GitHub 20K Star Java engineers become god’s path, not to learn about it!
GitHub 20K Star Java engineers become god’s way, really not to learn about it!
GitHub 20K Star Java engineer into god’s road, really really not to learn about it!
Some time ago, we installed a new application. Because the traffic is not large, the cluster QPS is only about 5, and the RT of the write interface is about 30ms.
Because of the recent access to new business, the data provided by the business side is that daily QPS can reach 2000, and peak QPS may reach 10,000.
So, in order to assess the water level, we conducted a pressure survey. Pressure tests are performed in a pre-release environment. During the pressure test, it was found that when the QPS of the single machine reached about 200, the RT of the interface did not change significantly, but the CPU utilization increased sharply until it was full.
CPU utilization dropped immediately after the manometry was stopped.
We started to figure out what was causing the CPU spike.
Troubleshooting and resolution of problems
Log on to the machine and start troubleshooting during pressure testing.
In this case, the Arthas tool of Ali open source was used for the investigation process. Arthas is not used, but the JDK’s own command can also be used.
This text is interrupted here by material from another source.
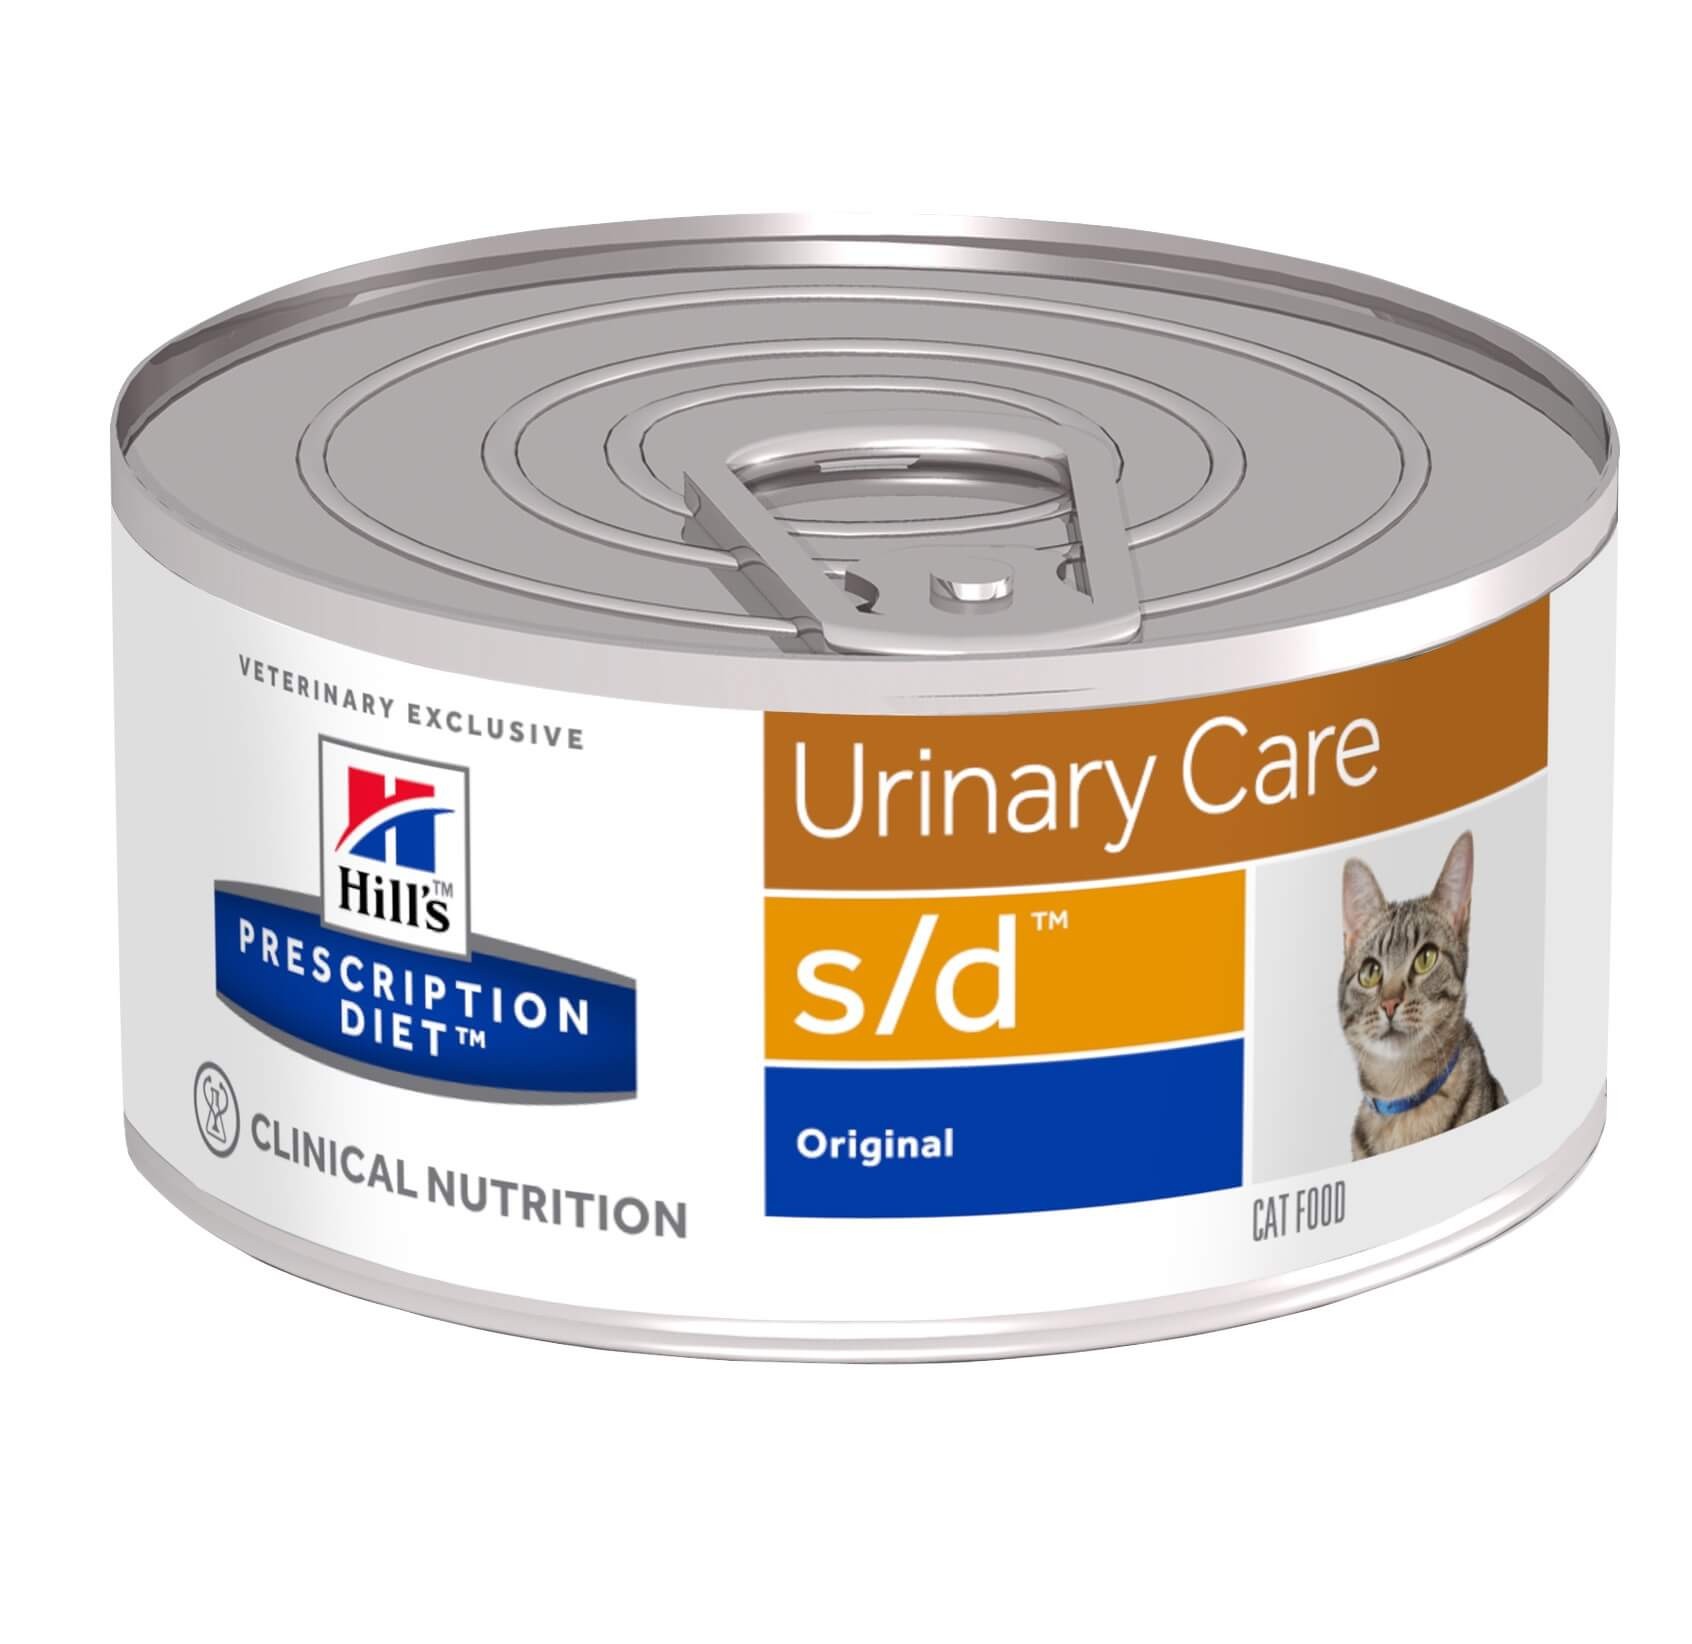 Hill's Prescription S/D Urinary Care kattenvoer 156 g blik
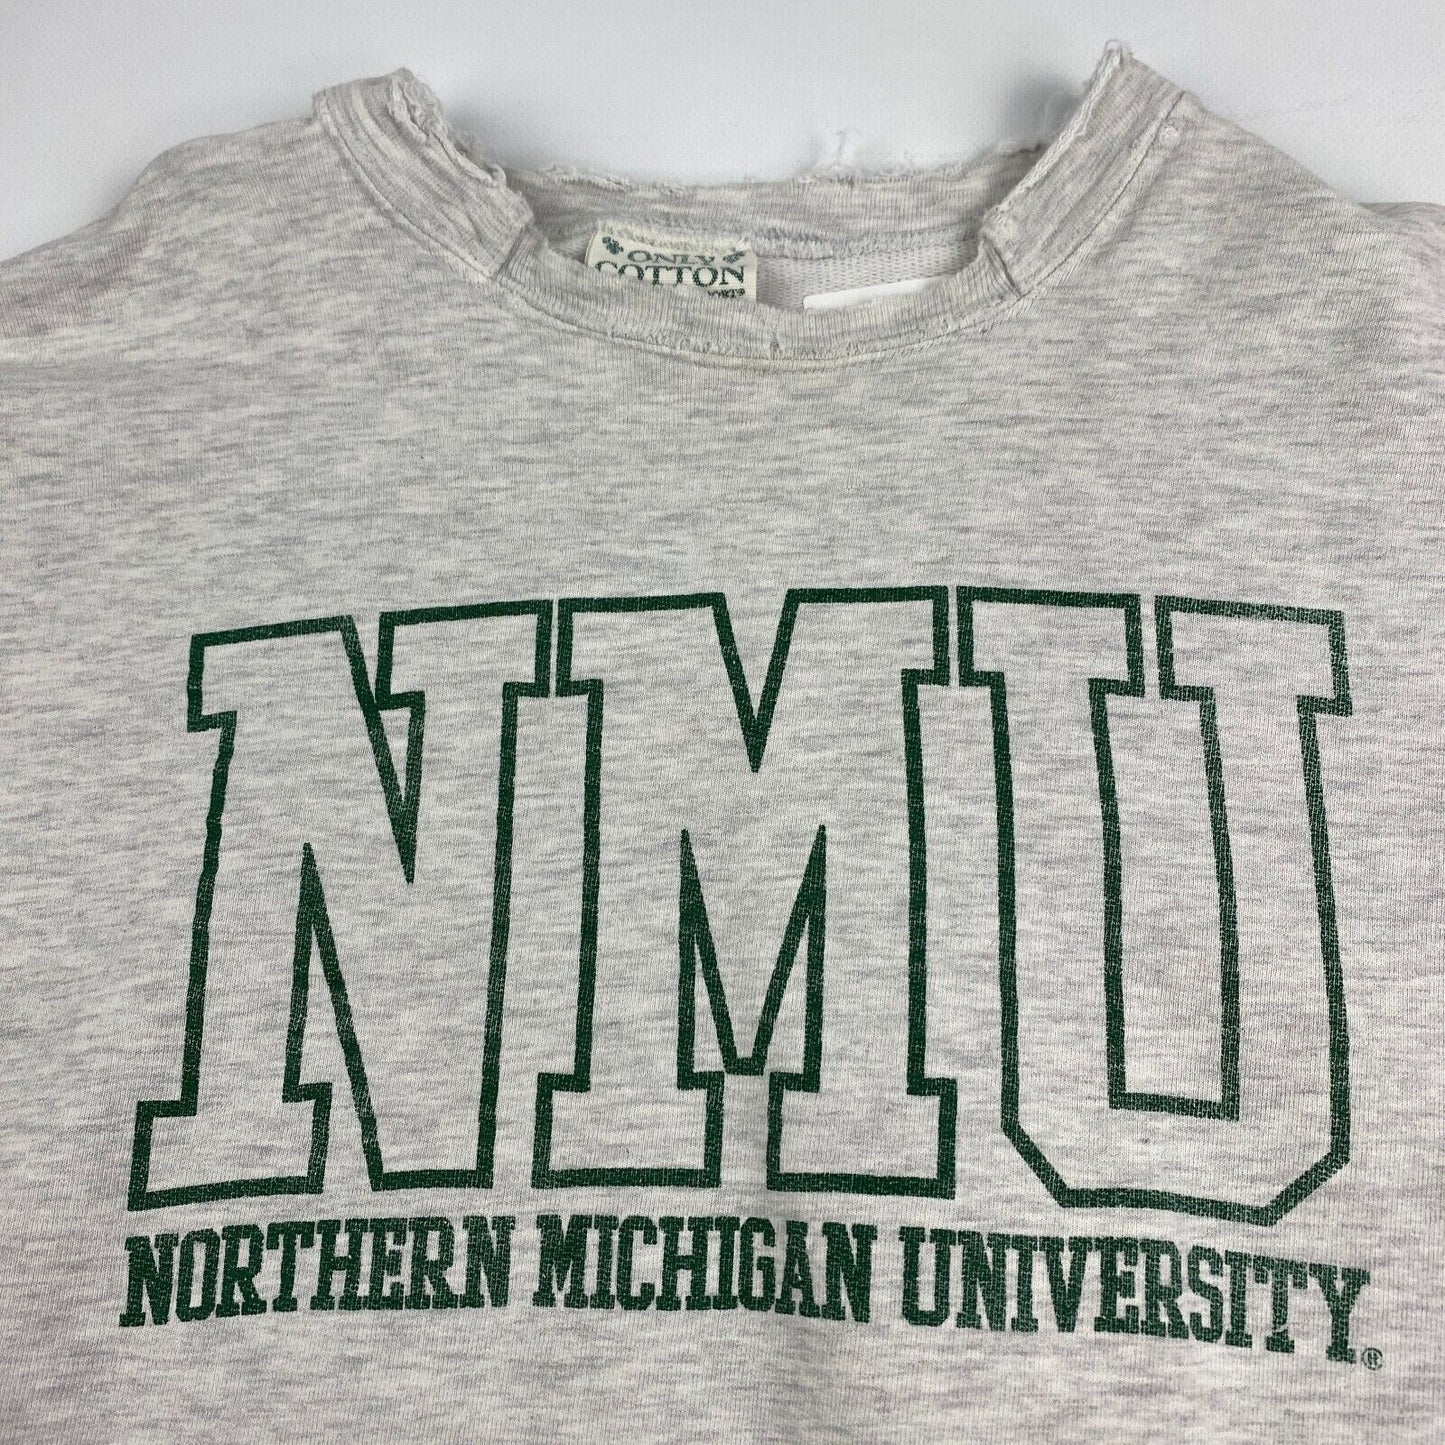 VINTAGE 90s Northern Michigan University Distressed Crewneck Sweater sz XXL Mens

Before starting the troubleshooting, you can take a look at the CPU usage. The easiest way to do this is to use the top command:
Top-10:32:38 Up 11 days, 17:56, 0 Users, Load Average: 0.84, 0.33, 0.18 Tasks: 23 total, 1 running, 21 sleeping, 0 stopped, 1 zombie %Cpu(s): 95.5 US, 2.sy, 0.0Ni, 76.3 ID, 0.0wa, 0.0hi, 0.0Si, 6.1st KiB Mem: 8388608 total, 4378768 free, 3605932 used, 403908 buff/cache KiB Swap: 0 total, 0 free, 0 Used.4378768 Avail Mem PID USER PR NI VIRT RES SHR S %CPU % Mem TIME+ COMMAND 3480 admin 20 0 7565624 2.9g 8976 S 241.2 35.8 649:07.23 Java 1502 root 20 0 401768 40228 9084 S 1.0 0.5 39:21.65 ilogtail 181964 root 20 0 3756408 104392 8464s 0.7 1.2 0:39.38 Java 496 root 20 0 2344224 14108 4396 S 0.3 0.2 52:22.25 StarAgentd 1400 admin 20 0 2176952 229156 5940 S 0.3 2.7 31:13.13 Java 235514 root 39 19 2204632 15704 6844 S 0.3 0.2 55:34.43 argusagent 236226 root 20 0 55836 9304 6888 S 0.3 0.1 12:01.91 Systemd -journCopy the code
The Java process with ID 3480 is consuming a large amount of CPU, so we can determine which thread and which code is consuming a large amount of CPU.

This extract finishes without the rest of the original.